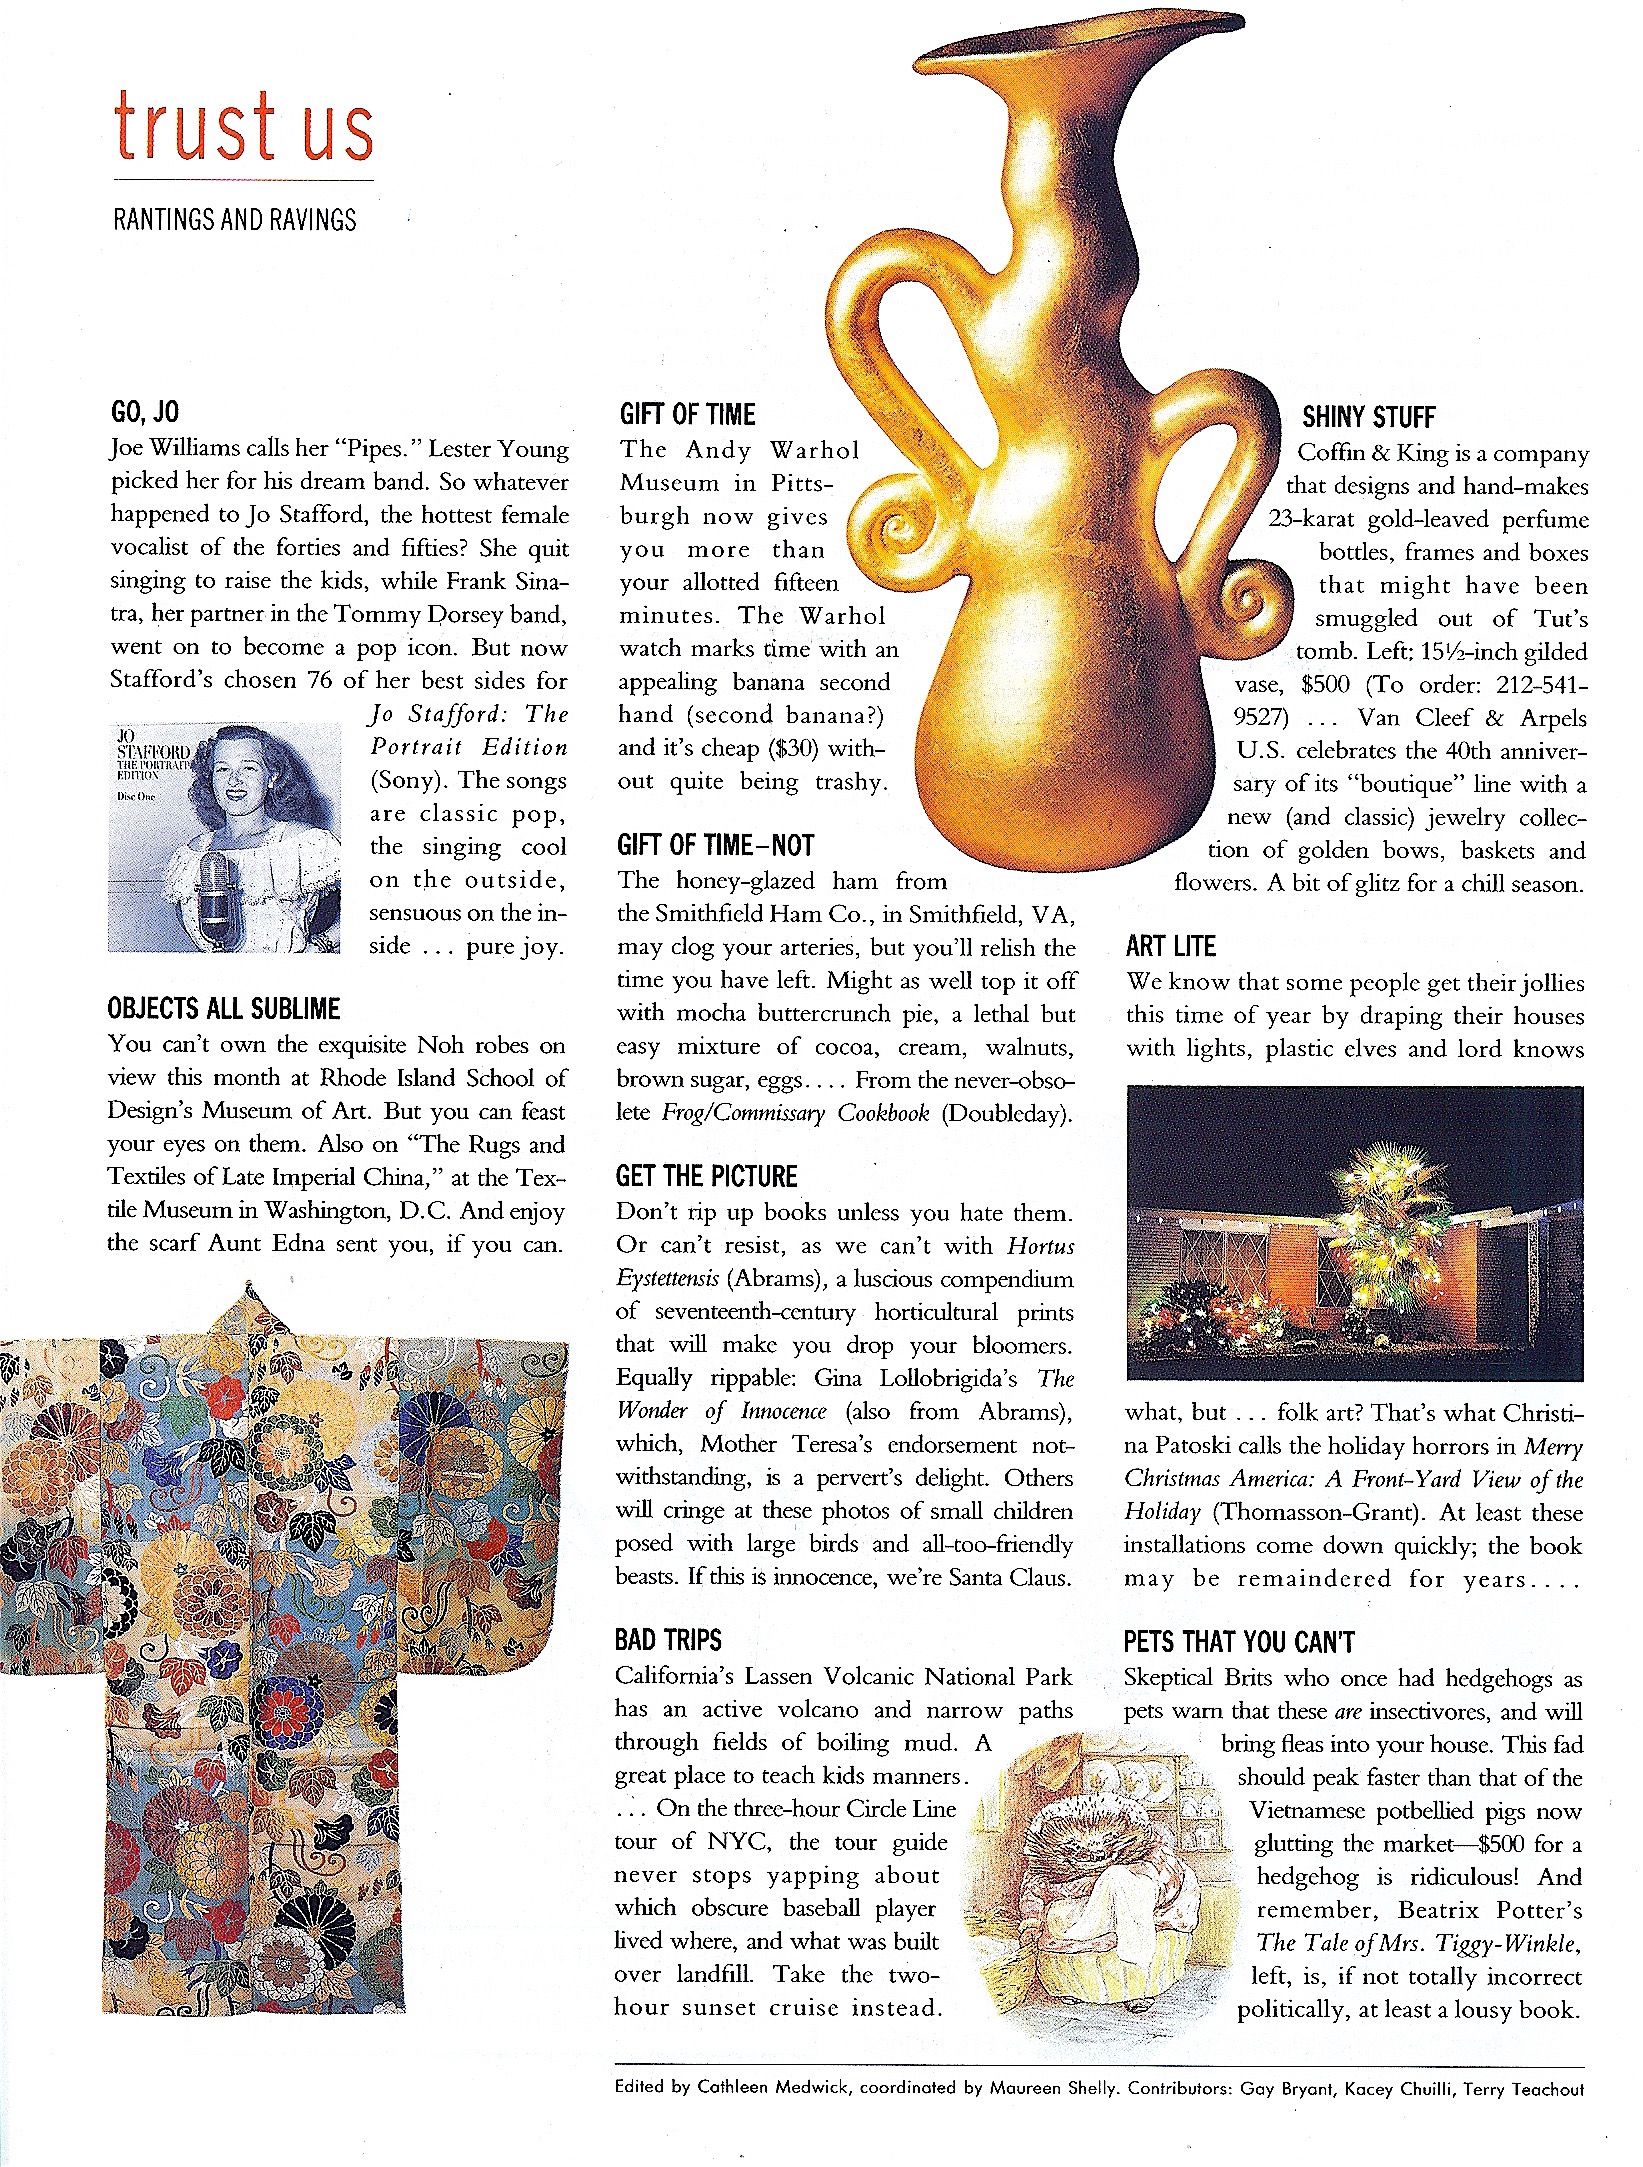 Coffin & King Press - Coffin & King Gilded Vase featured in Mirabella
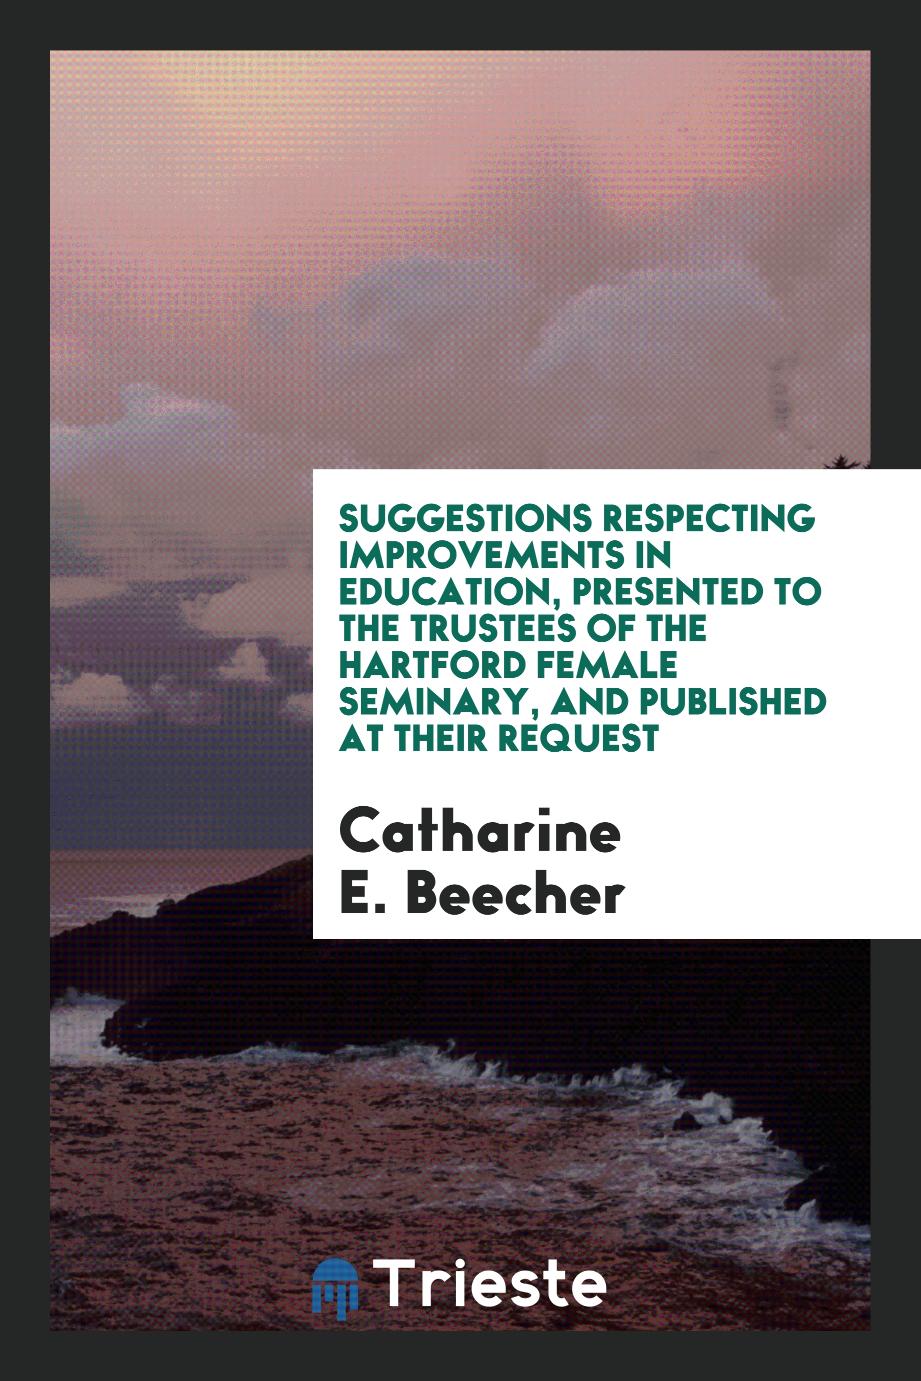 Suggestions Respecting Improvements in Education, Presented to the Trustees of the Hartford Female Seminary, and Published at Their Request
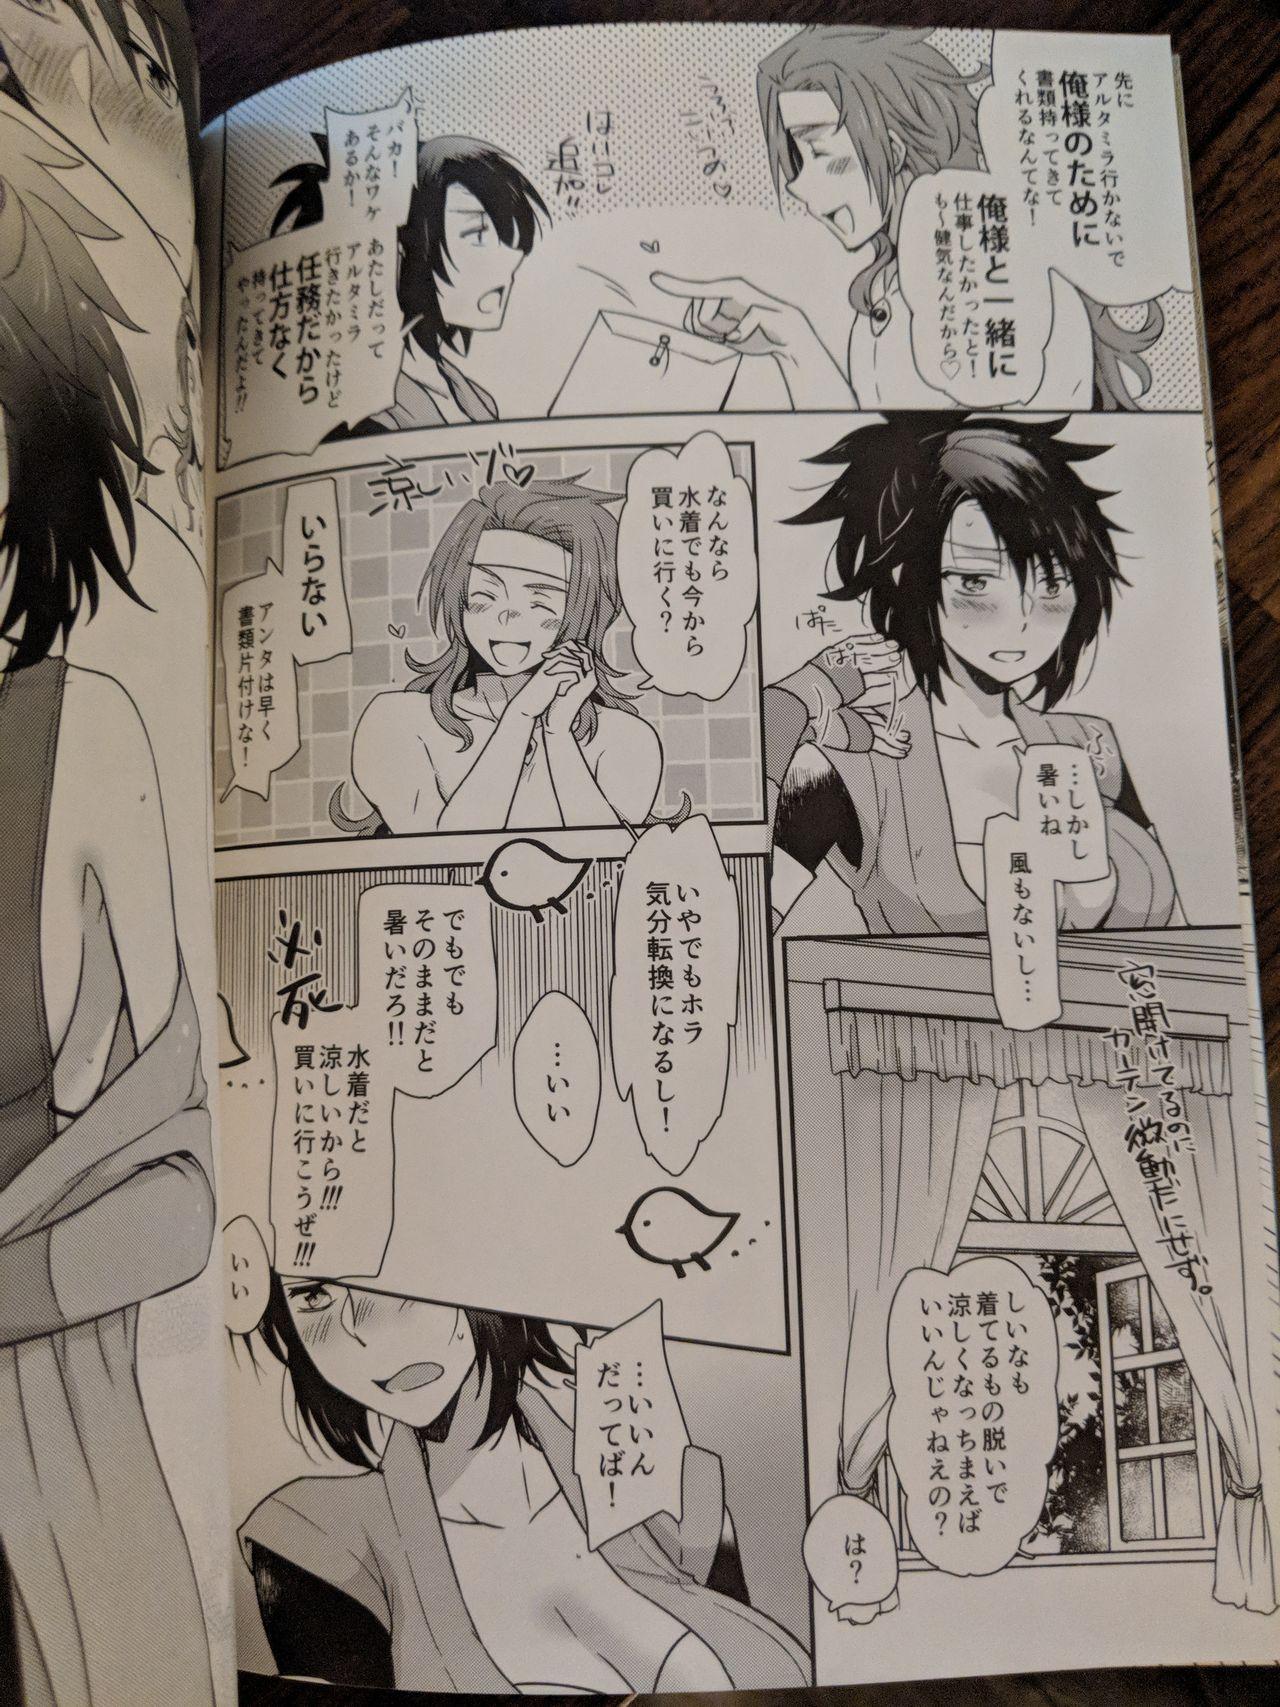 Point Of View 彼女が水着にきがえたら - Tales of symphonia Horny - Page 5
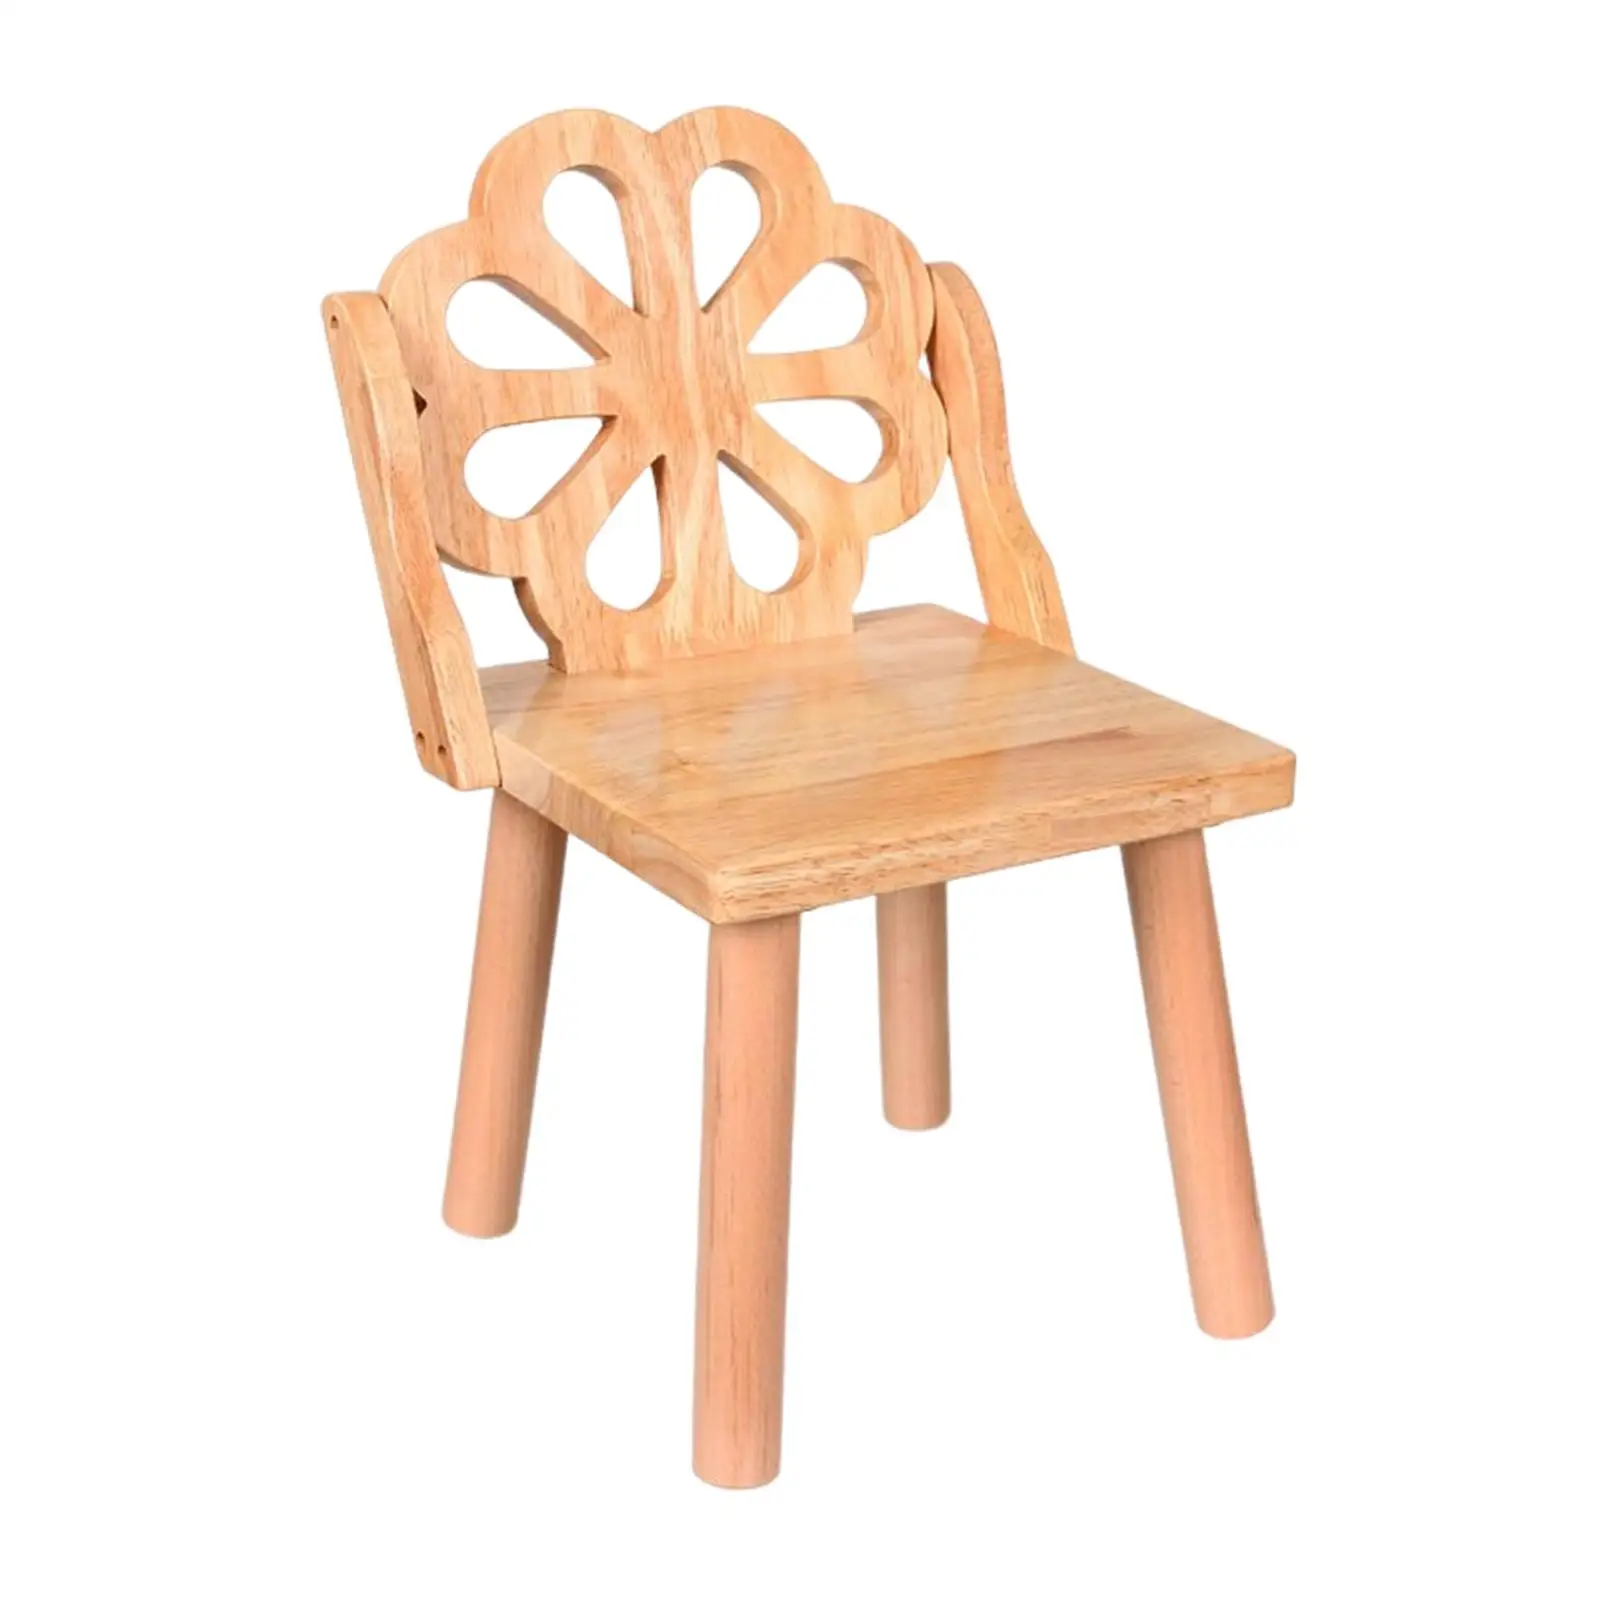 Household Removable Wooden Child Stool Heavy Duty Lightweight Durable Wood
+---+
TASK TO CARRY OUT: Pictures aside, transcribe exactly the lines from the line containing "Point Of View" through the final line of the material above.

WORKED SOLUTION:
 Point Of View 彼女が水着にきがえたら - Tales of symphonia Horny - Page 5
 Household Removable Wooden Child Stool Heavy Duty Lightweight Durable Wood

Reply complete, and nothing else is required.